Situated in the North Atlantic and Arctic Oceans, Greenland is the world’s largest island, with approximately 80 percent of its surface covered by ice. But situated at the Earth’s extremities, it is at the spear tip of climate change, with an estimated 11,000 square miles of its ice sheet having melted over the past 30 years.
At Arctic Sounds, one Greenlandic rapper on home turf stood out in particular. “One of the artists that really drew us to the project was Tarrak,” Ferguson continues. “There was a power and energy in his voice that resonated in a pure, punk, nonconformist way.”
Tarrak – who raps exclusively in his mother tongue, Kalaallisut, and calls out colonialism in his lyrics – grew up “all over the place” in Greenland and has seen firsthand how climate change is affecting life on the island. As last winter was due to set in, the community of Qaanaaq – one of the northernmost towns in the world – was forced to wait longer than usual for the ice to form, which meant a longer wait before hunting could begin. Longstanding rhythms have been disrupted, and people are having to search for new ways to survive in already harsh conditions.

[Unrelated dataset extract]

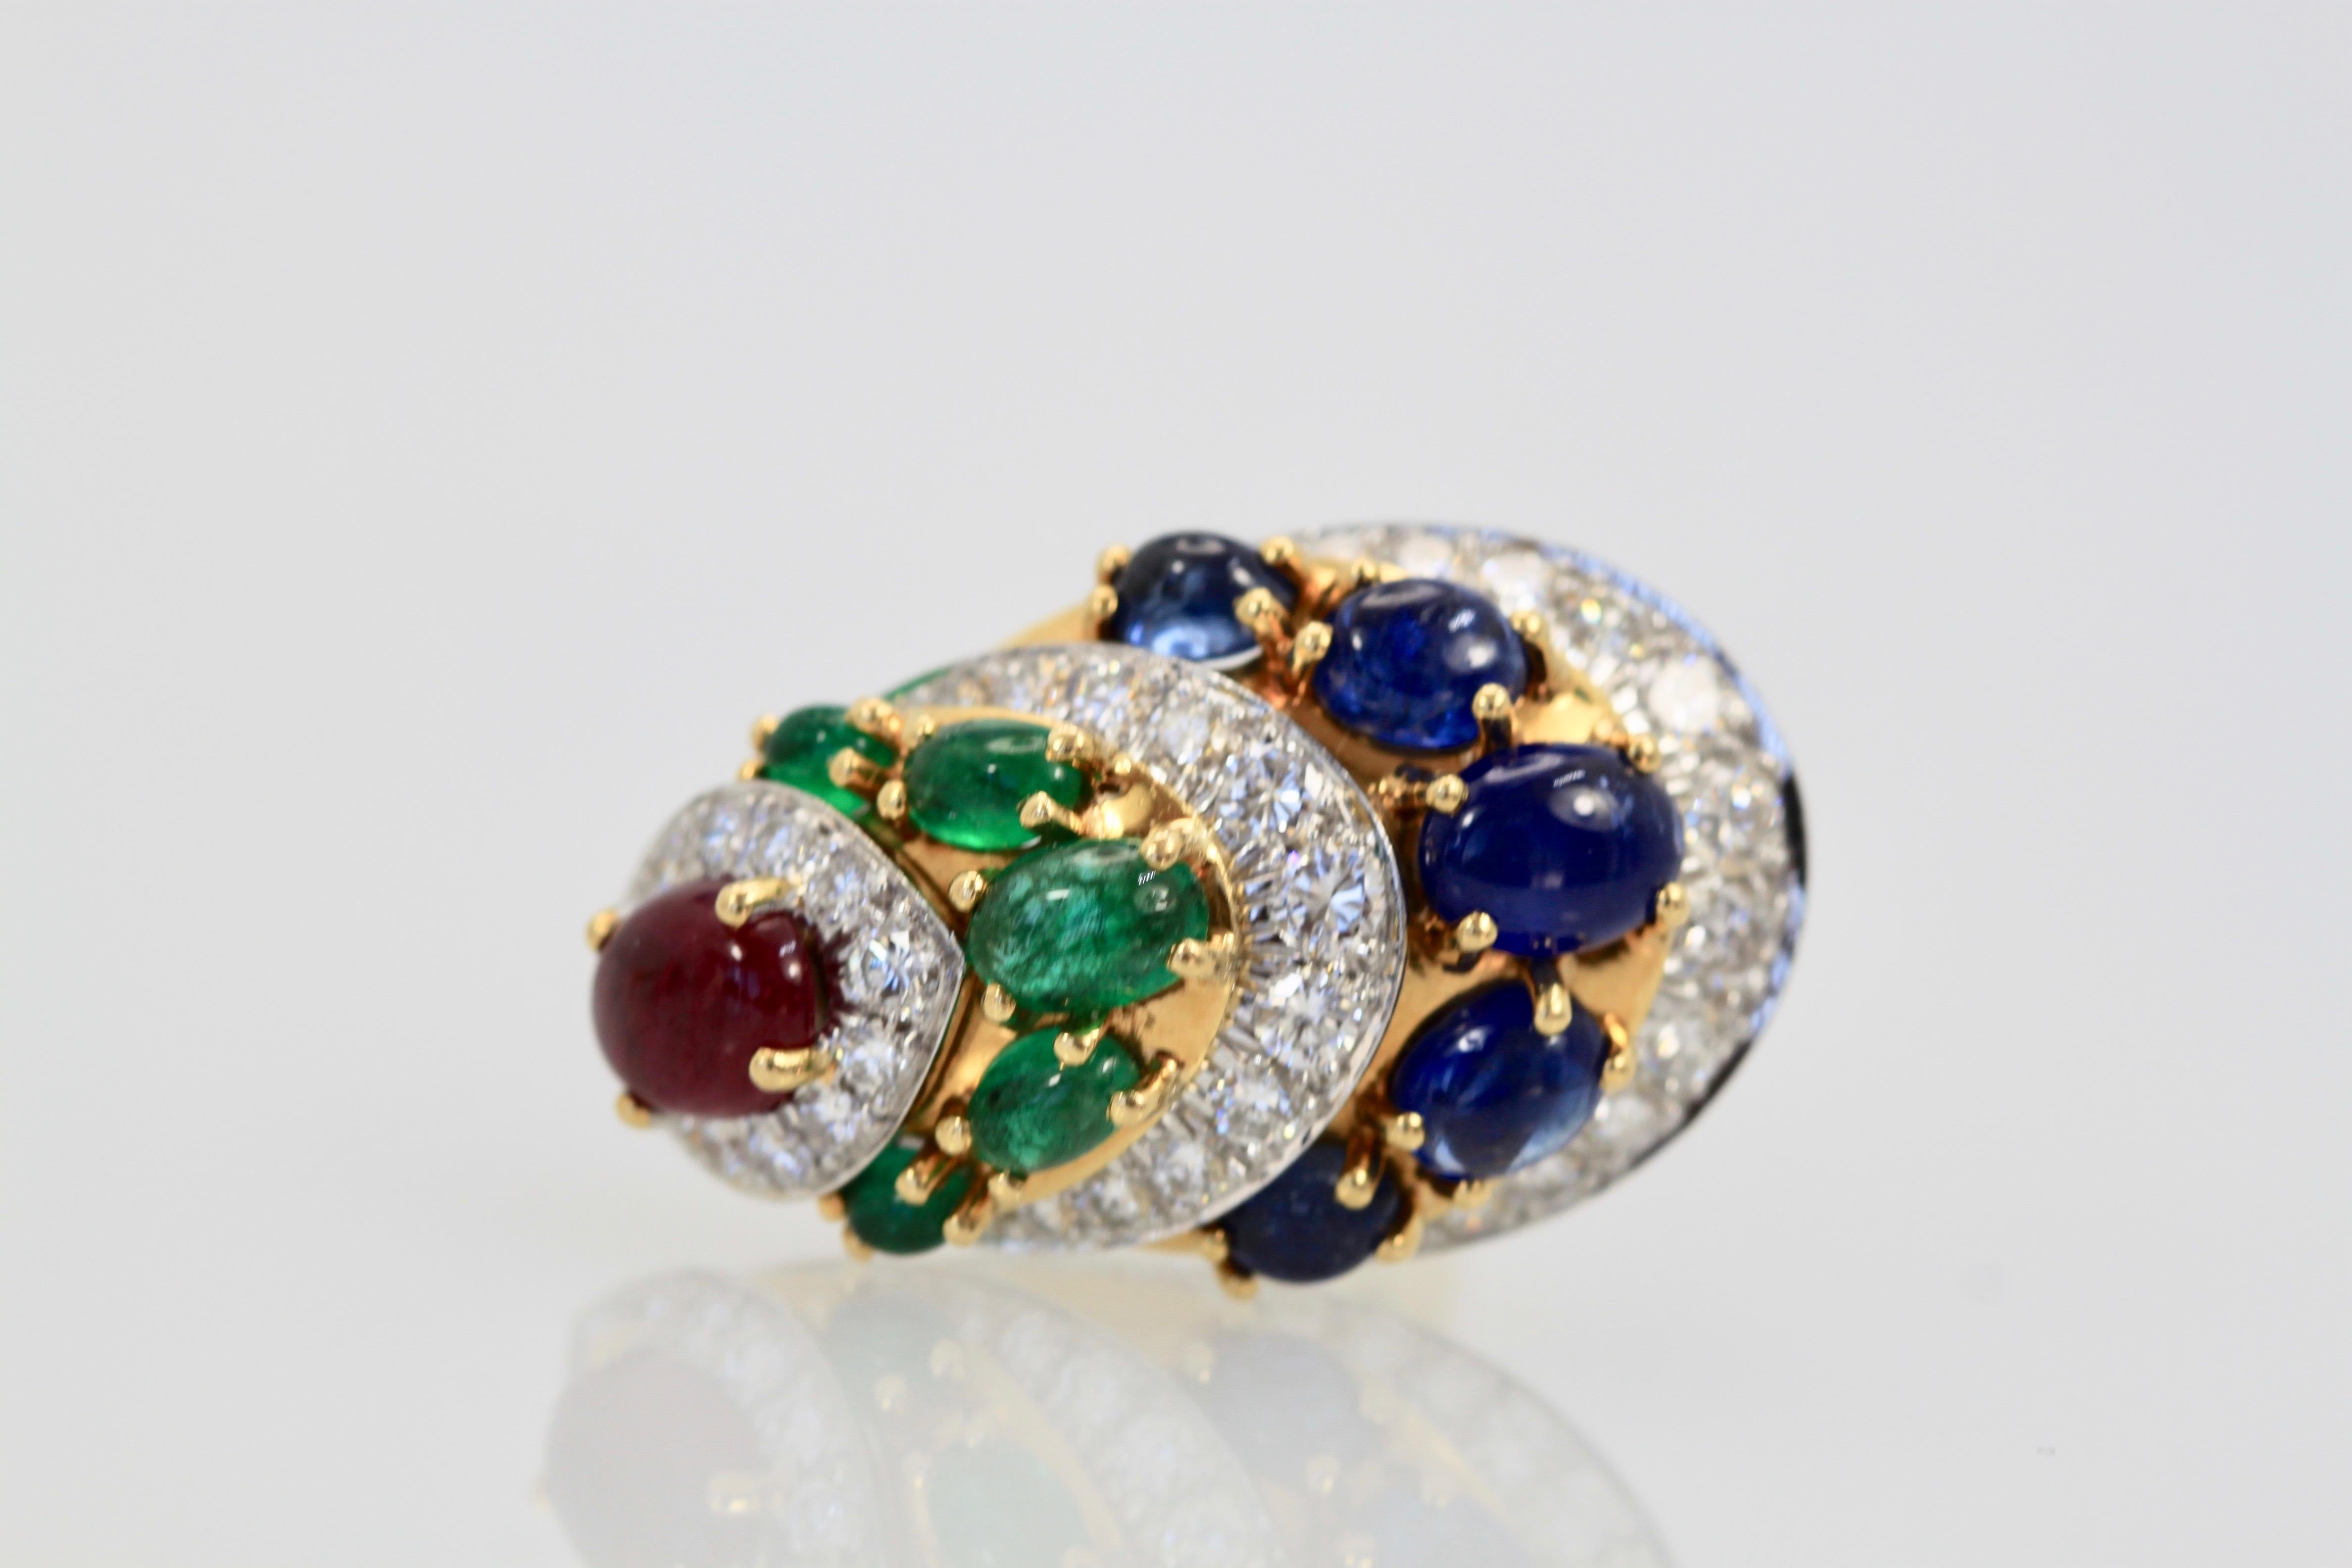 These David Webb Sapphire, Emerald, Ruby, Diamond earrings are stunning.  They are 3cm x 1.5cm and holds 5 Sapphires, 5 Emeralds, 5 Rubies and covered in Diamonds.  18K Yellow Gold the gemstones weigh approximately 5 carats with 2 carats of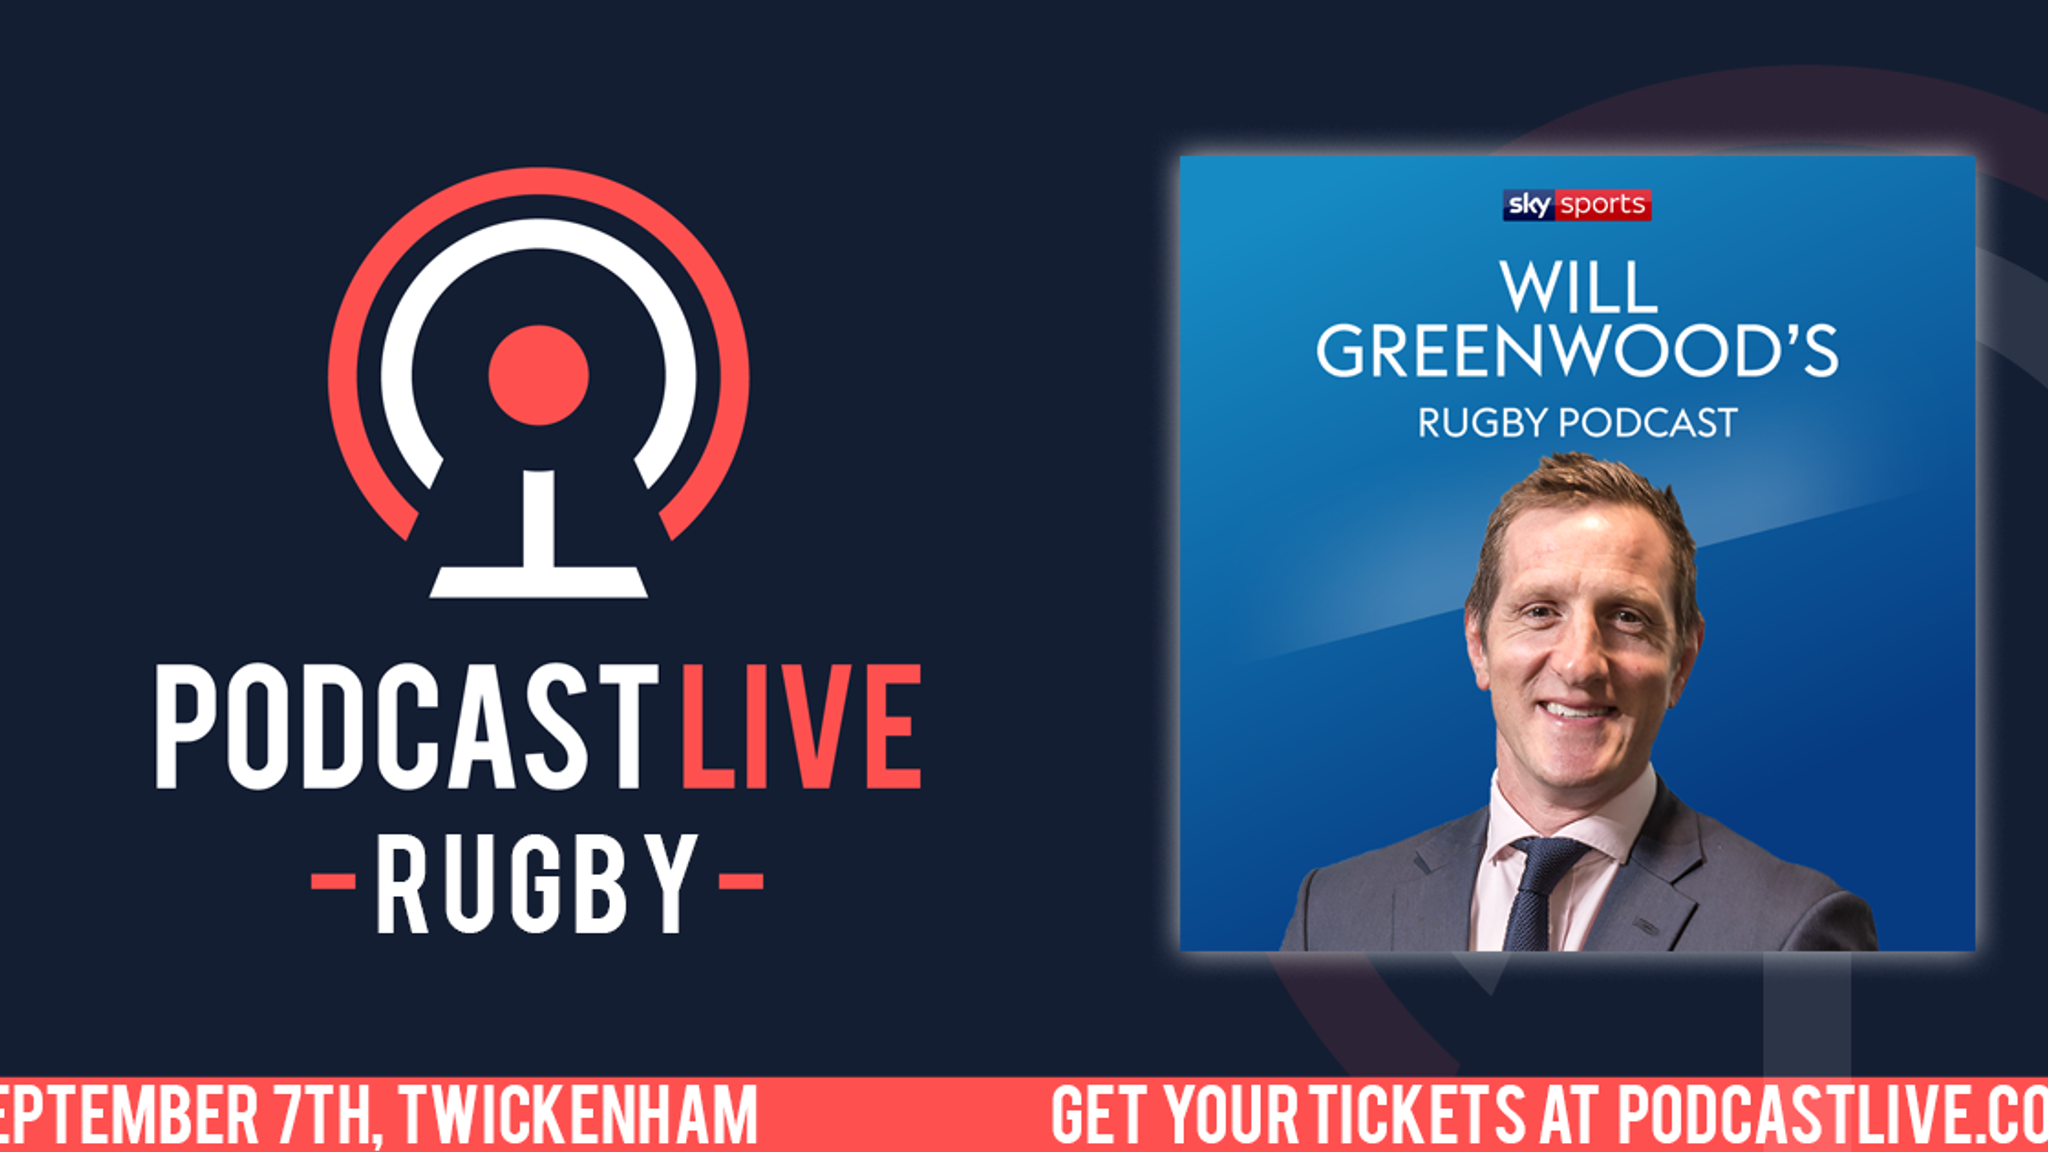 Will Greenwood Podcast confirmed for Podcast Live Rugby at Twickenham Rugby Union News Sky Sports

And with the ice sheet melting, global powers have turned their attention toward the island, for what might lie below. Beyond its strategic location – situated between North America and northern Europe – geologists believe Greenland holds rare earth minerals like lithium and titanium beneath its surface. In his first presidency, Donald Trump proposed purchasing Greenland from Denmark, and now in his second term, he has intensified his rhetoric, saying: “One way or the other we’re going to get it.”
In Greenland itself, his statements were viewed with first bemusement, then alarm. “I took it as a joke back then; I didn’t take it seriously,” Tarrak says. “But when he persisted, it felt so weird. I went back to the capital, Nuuk, and you could feel it in the air. There were camera crews and journalists – it was unsettling.”
But whatever happens, Tarrak is certain that Greenlanders will be able to work through it. Their long history is one of resilience and adaptability, as outsiders have sought to exert influence over them. “When the Danish came, when they colonised us, they wanted us to be whale hunters – so we were whale hunters,” Tarrak says. “But then whale blubber wasn’t profitable, so they changed it to fur, and after that died out, it became fishing. So now we’re a fishing country.
“We are really used to how people change us,” he continues. “Maybe in the future they’re going to try and change us to be mineral miners. But this time, we know their language – we know your language.”